Physical characteristics
- • location: Trishuli
- Length: 150 km

Basin features
- River system: Narayani River
- • left: Nagdi Khola, Dordi khola, Chepe Khola, Daraundi River
- • right: Paundi Khola, Chundi Khola

= Marshyangdi River =

River in Nepal

The Marshyangdi (or Marsyangdi) (Nepali: मर्स्याङ्दी, marśyāṅdī) is a mountain river in Nepal. Its length is about 150 km.

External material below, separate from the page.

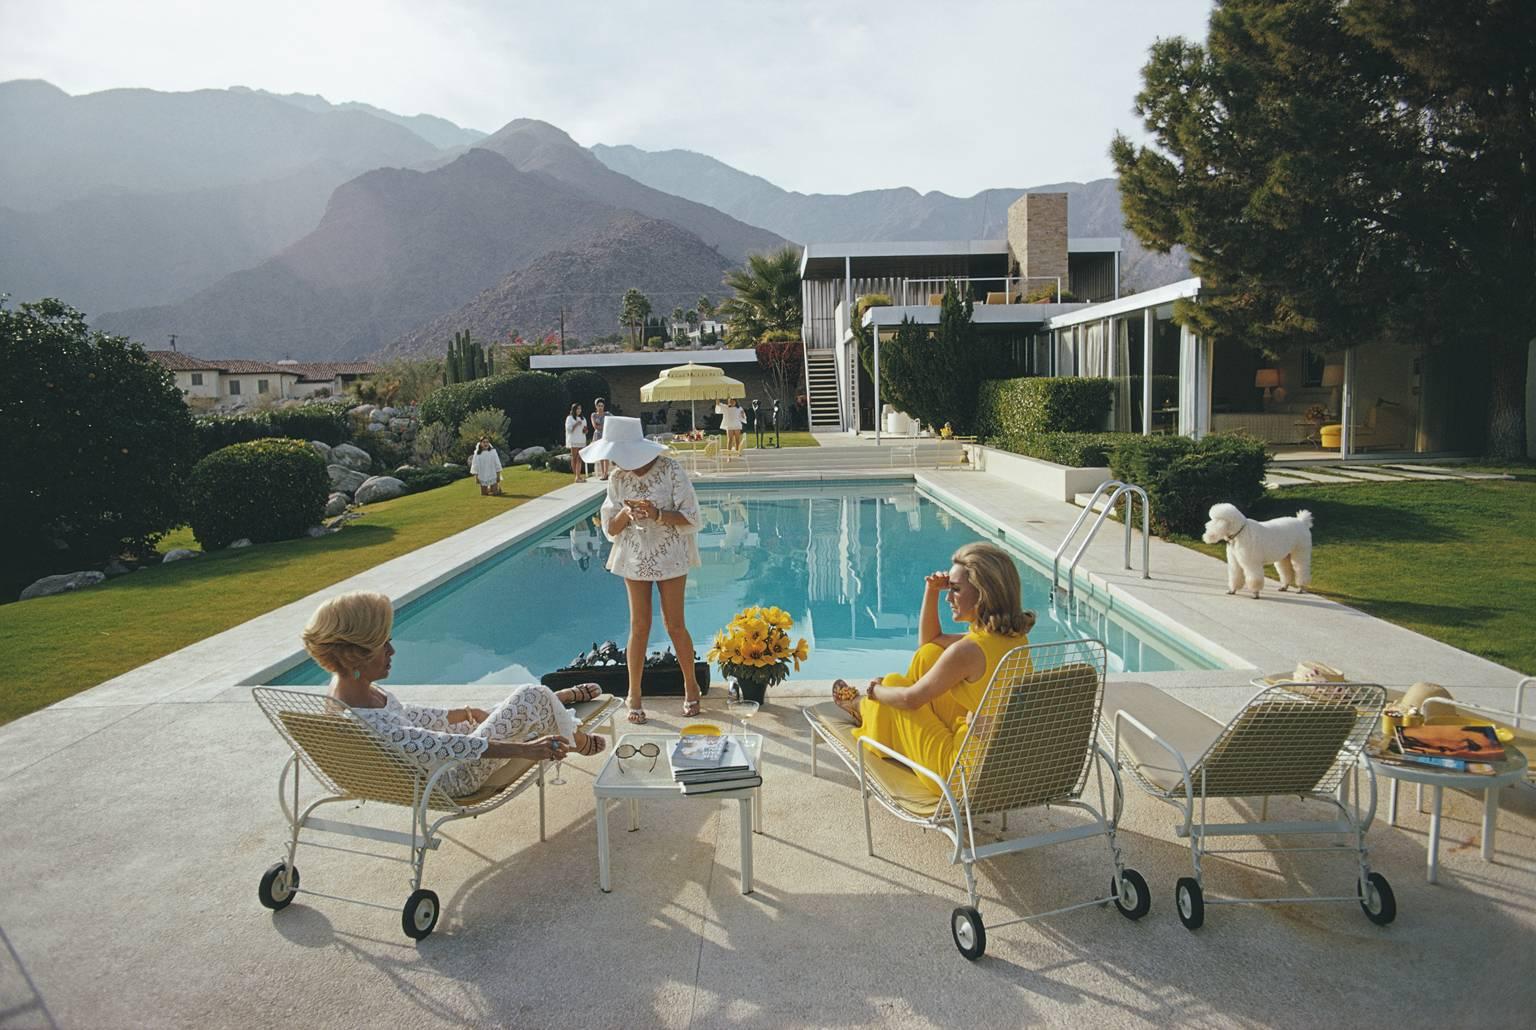 'Desert Kaufmann House' by Slim Aarons 

Set to become another true Slim Aarons Classic - it's better known cousins 'Poolside Gossip'  and 'Desert House Party' (also listed) are considered to be true modern masterpieces of photography - and this new

The Marshyangdi begins at the confluence of two mountain rivers, the Khangsar Khola and the Jharsang Khola, northwest of the Annapurna massif at an altitude of 3,600 meters near Manang village. The Marshyangdi flows eastward through Manang District and then southward through Lamjung District.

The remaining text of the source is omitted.